Chapter Twenty-Two Nate #2
So Nate turned to Paulson. “Who selected the final station prompt deck?”
Paulson glanced down at his folder. “The deck was provided by Hale Development.”
Martin’s smile did not move. “Our staff prepared generic prompts.”
“Trevor was running the station,” Nate said.
Trevor tilted his head. “I was holding cards, yes.”
“And Ava drew the first kiss card.”
“Randomly.”
Nate nodded once. “Then my issue is with the station design, not the draw.”
Trevor’s eyes sharpened.
Good.
Nate looked at Paulson again. “A sponsor station asking public relationship questions puts staff partners in a bad position, especially at a family event with cameras out. Whether the card was random or not, that should not happen again.”

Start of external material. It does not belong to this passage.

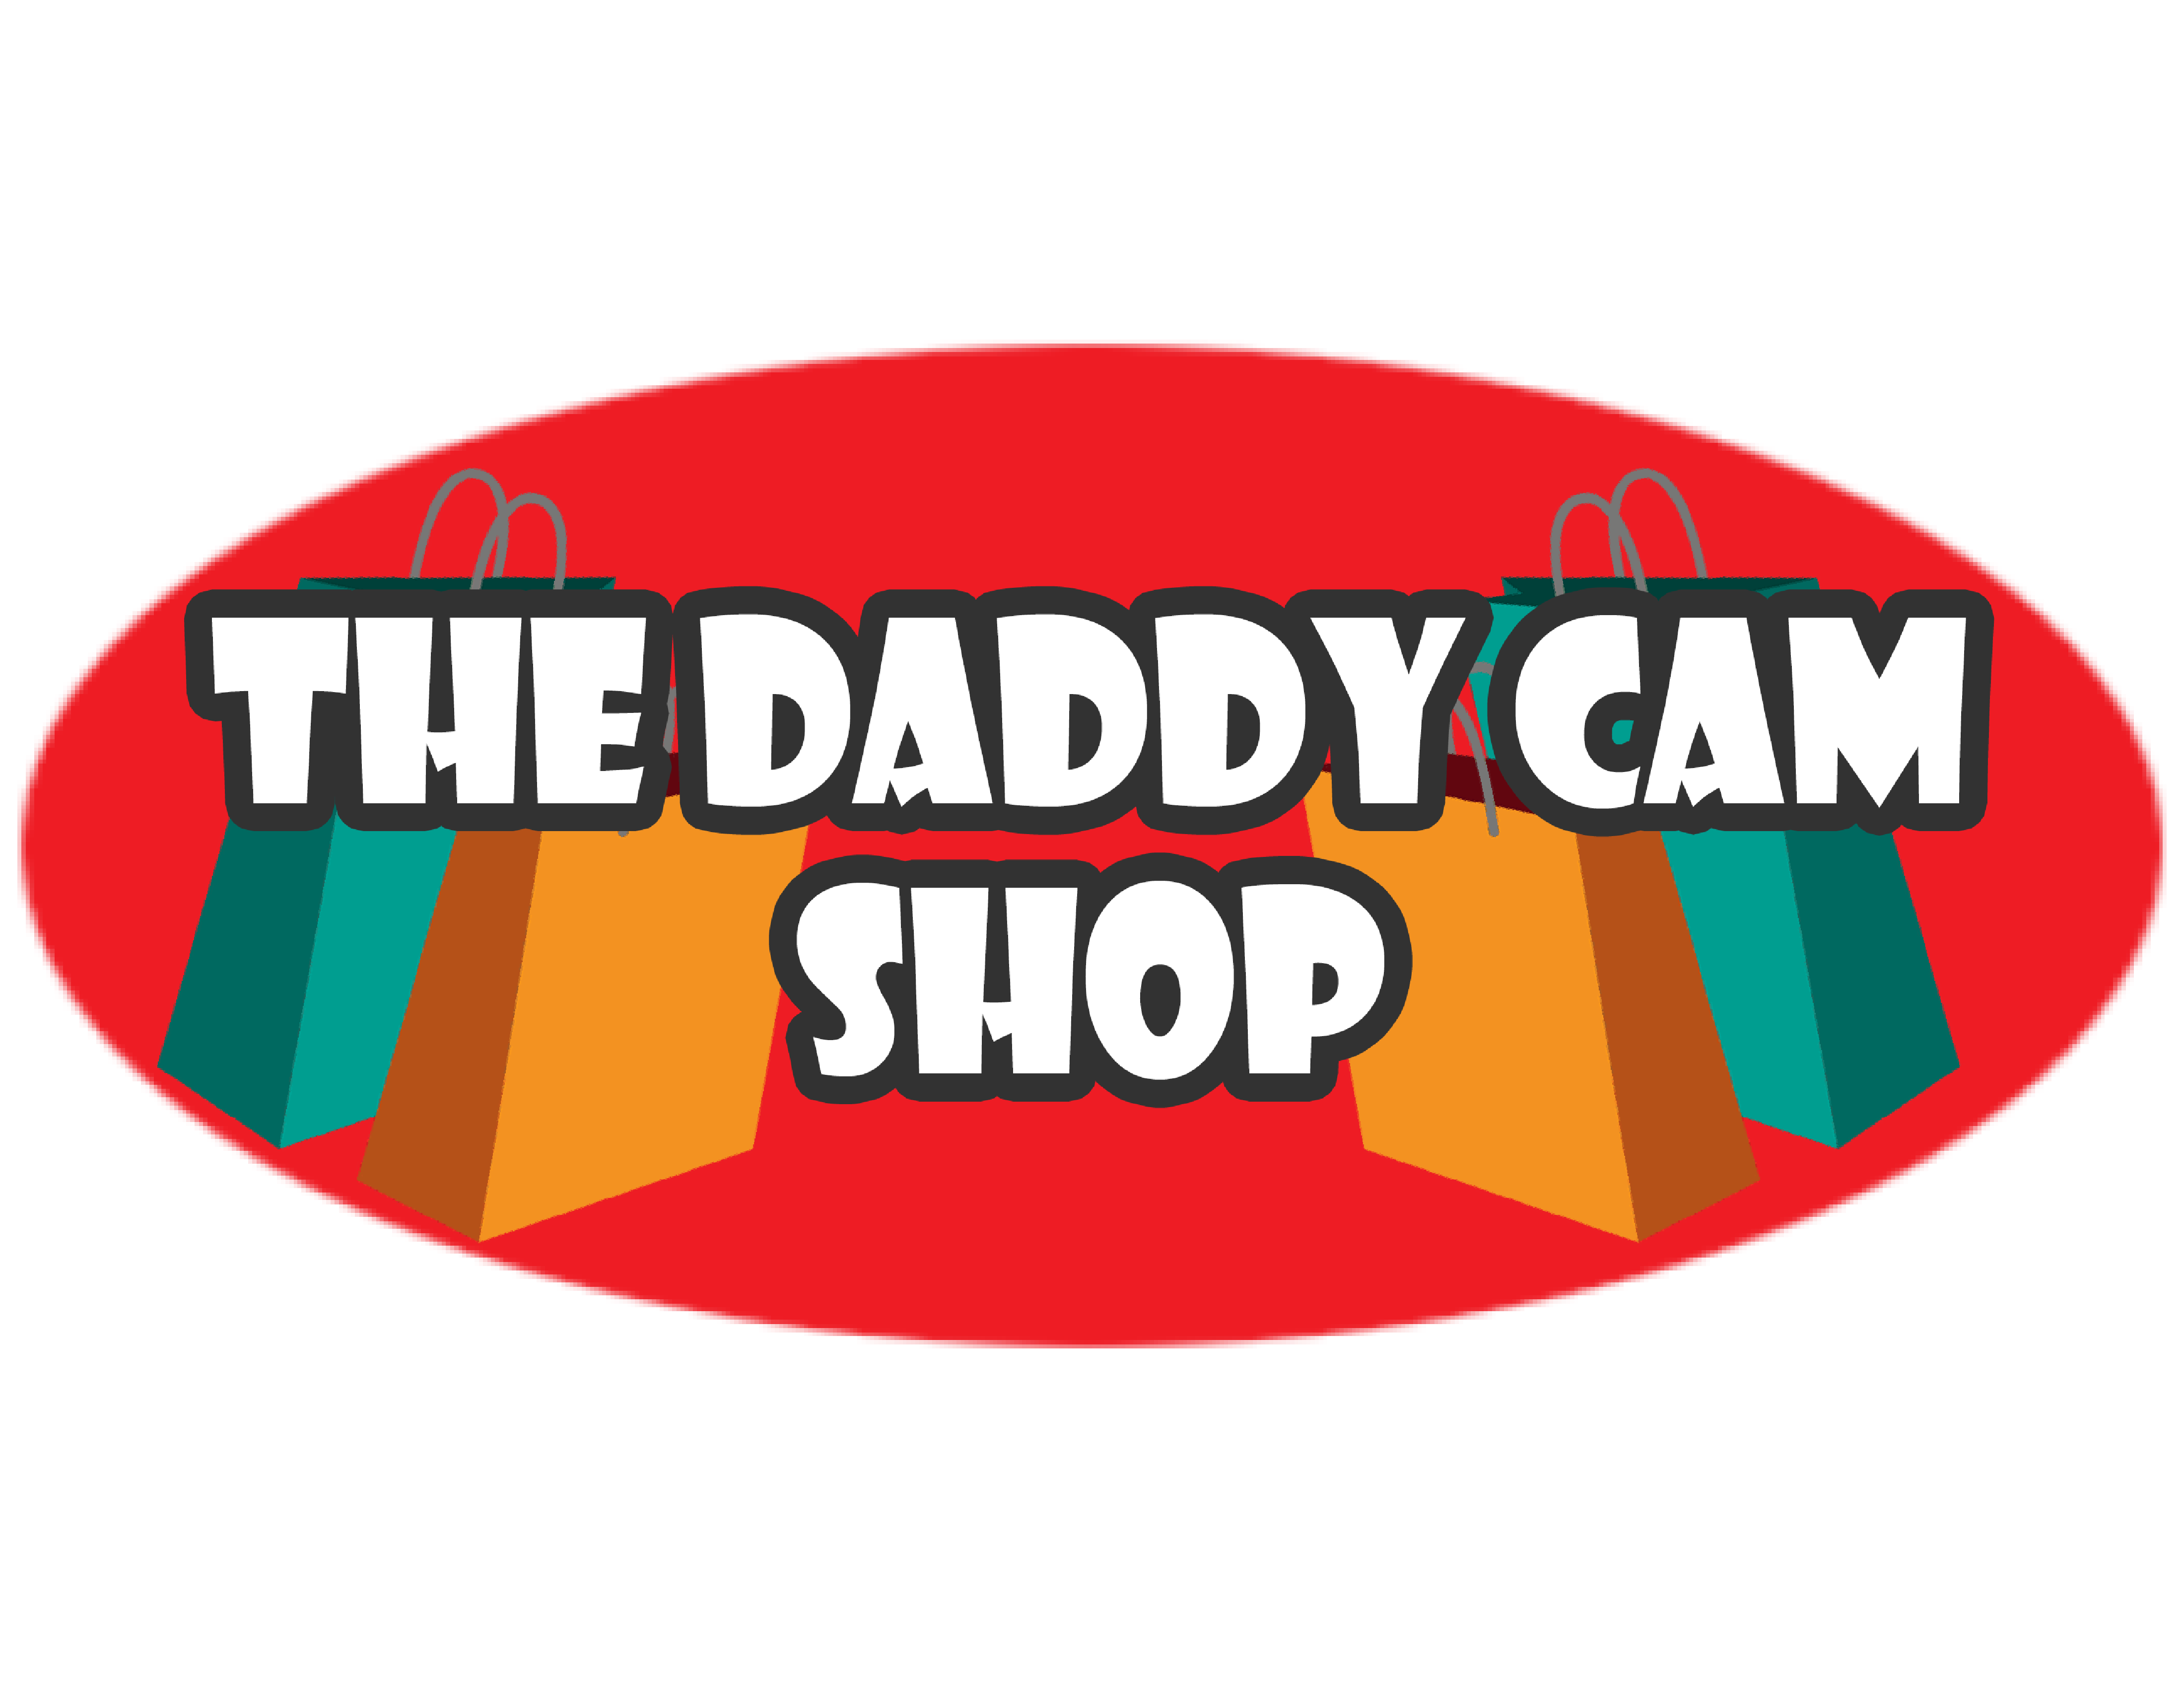 Daddy Webcams

Doyle’s mouth barely moved.
Not a smile.
Close.
Martin studied Nate. “That is a fair operational note. It does not address the public comments afterward.”
“Mine?” Nate asked.
“Your statement about the bet.”
Nate nodded. “The bet should have ended sooner. I ended it.”
“In a way that implied misconduct.”
“It implied I was done letting a joke turn a person into a topic.”

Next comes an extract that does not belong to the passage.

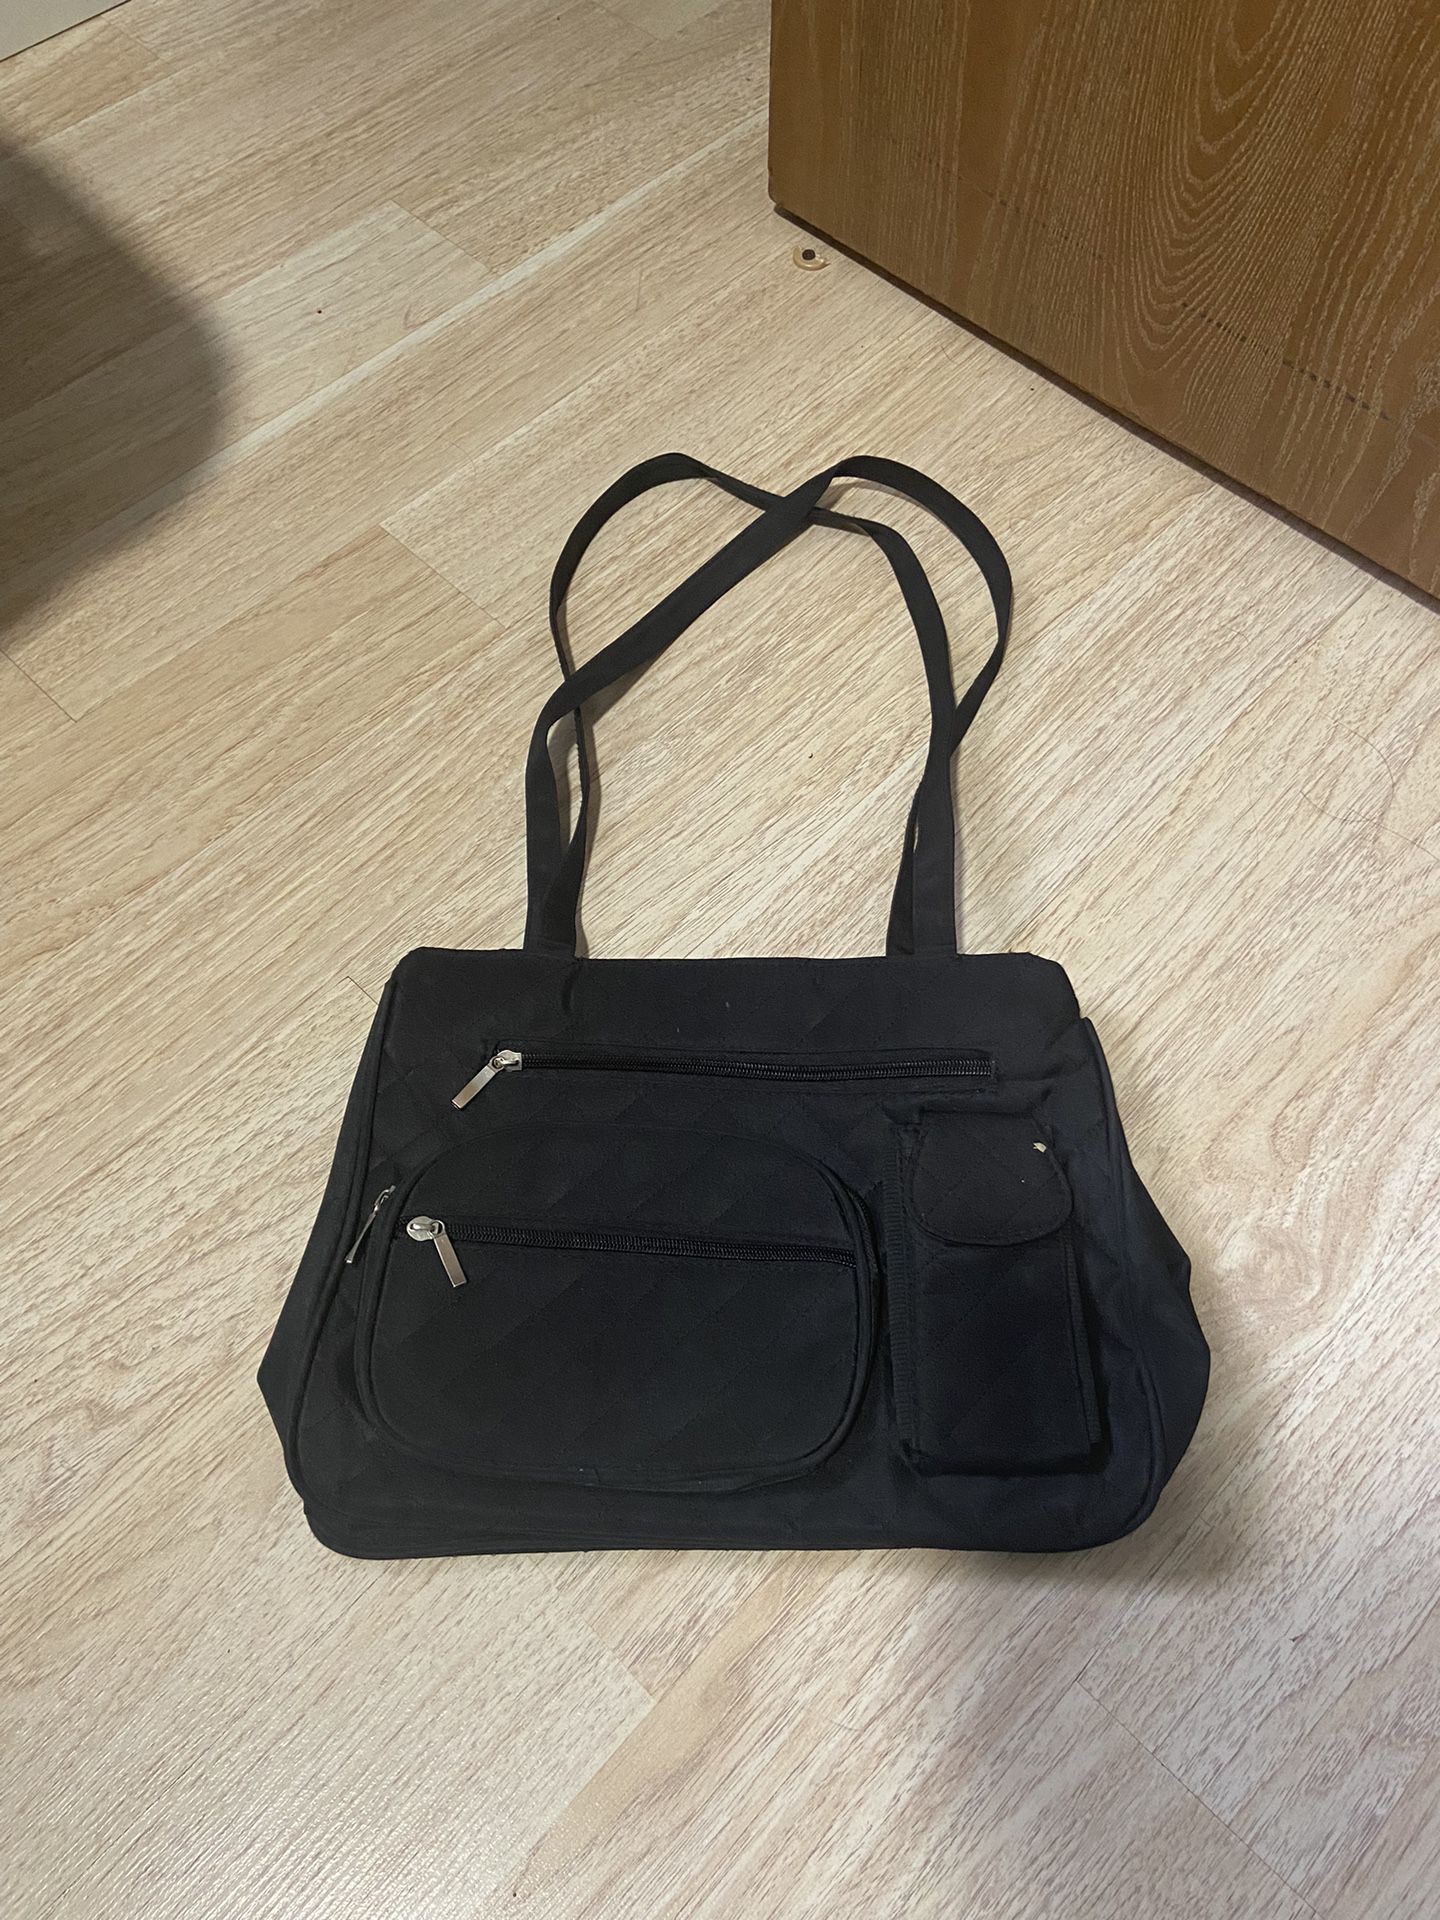 Black Quilted Tote Bag/Handbag/Purse

Trevor leaned forward slightly. “Ava didn’t seem to mind the attention when it was useful.”
Nate felt the room tighten.
There it was.
The private blade slipping into a public meeting because Trevor could not quite help himself.
Doyle’s gaze moved to Nate.
Careful.
Nate looked at Trevor. “That is exactly the kind of comment that made the situation a problem.”
Trevor’s face cooled.
Martin looked at his son, quick and sharp.

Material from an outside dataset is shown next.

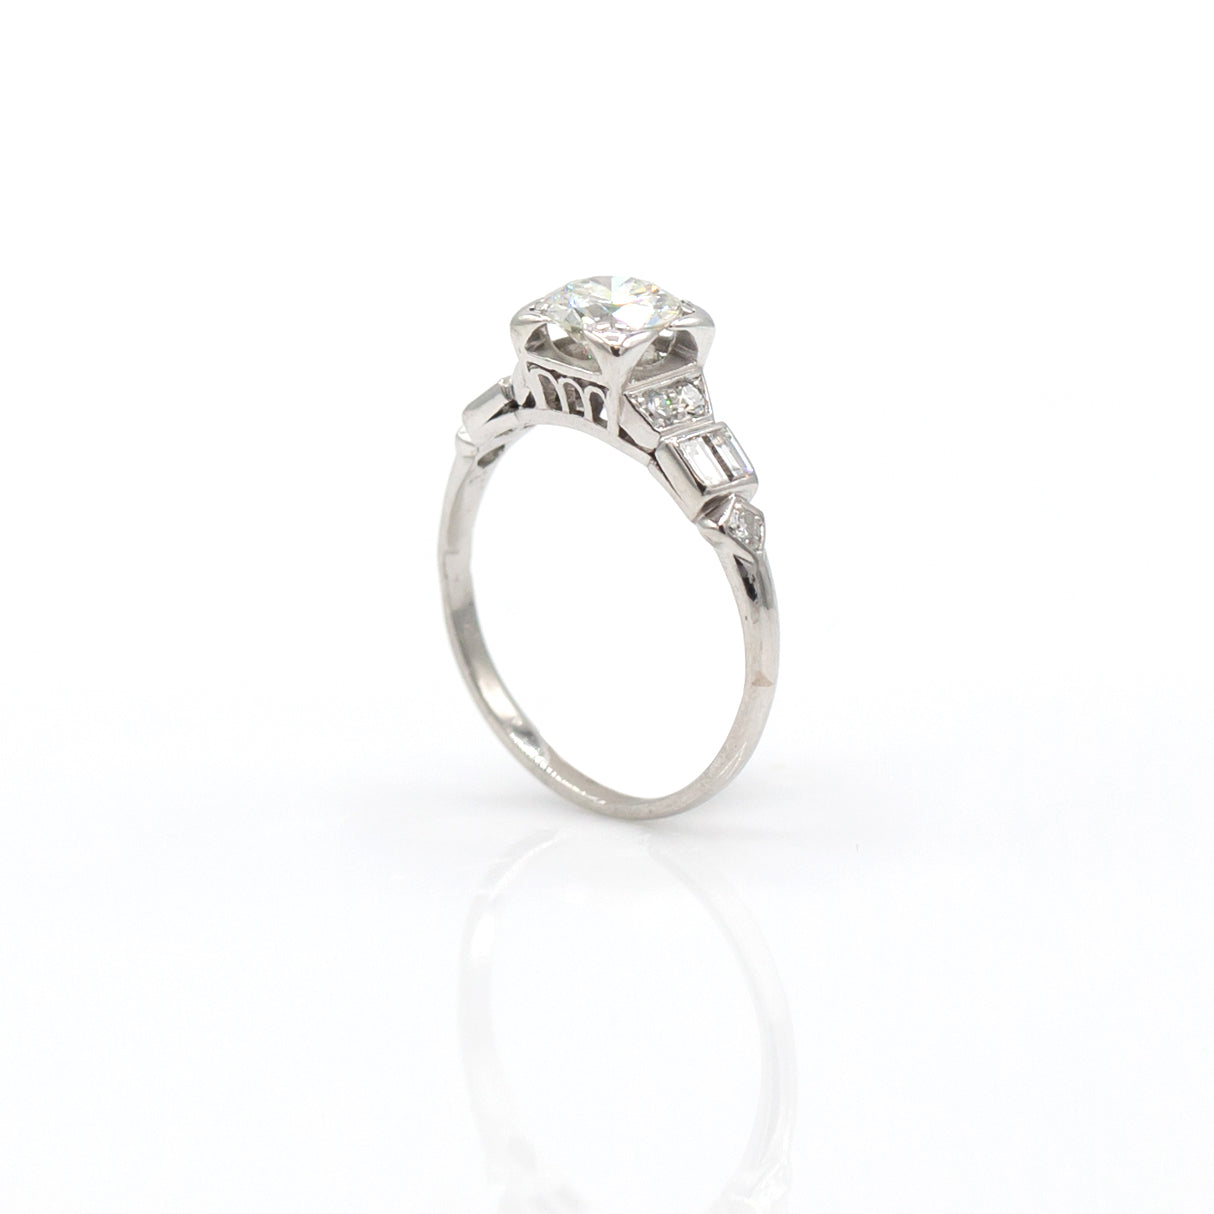 Estate Collection Art Deco Diamond Engagement Ring

Paulson wrote something down.
Nate turned back to Martin. “Ava did not ask for the bet. She did not ask to be part of a sponsor station that put her personal life in front of a crowd. She did not ask for a recap post framing the kiss as all in good fun. My statement was about stopping that.”
Martin’s fingers tapped once on the table.
“And the kiss?” Martin asked.
Nate did not blink. “Was between me and Ava.”
The room went very quiet.
Trevor’s mouth tightened.
Doyle sat back.
Paulson looked like he wanted to evaporate into his folder.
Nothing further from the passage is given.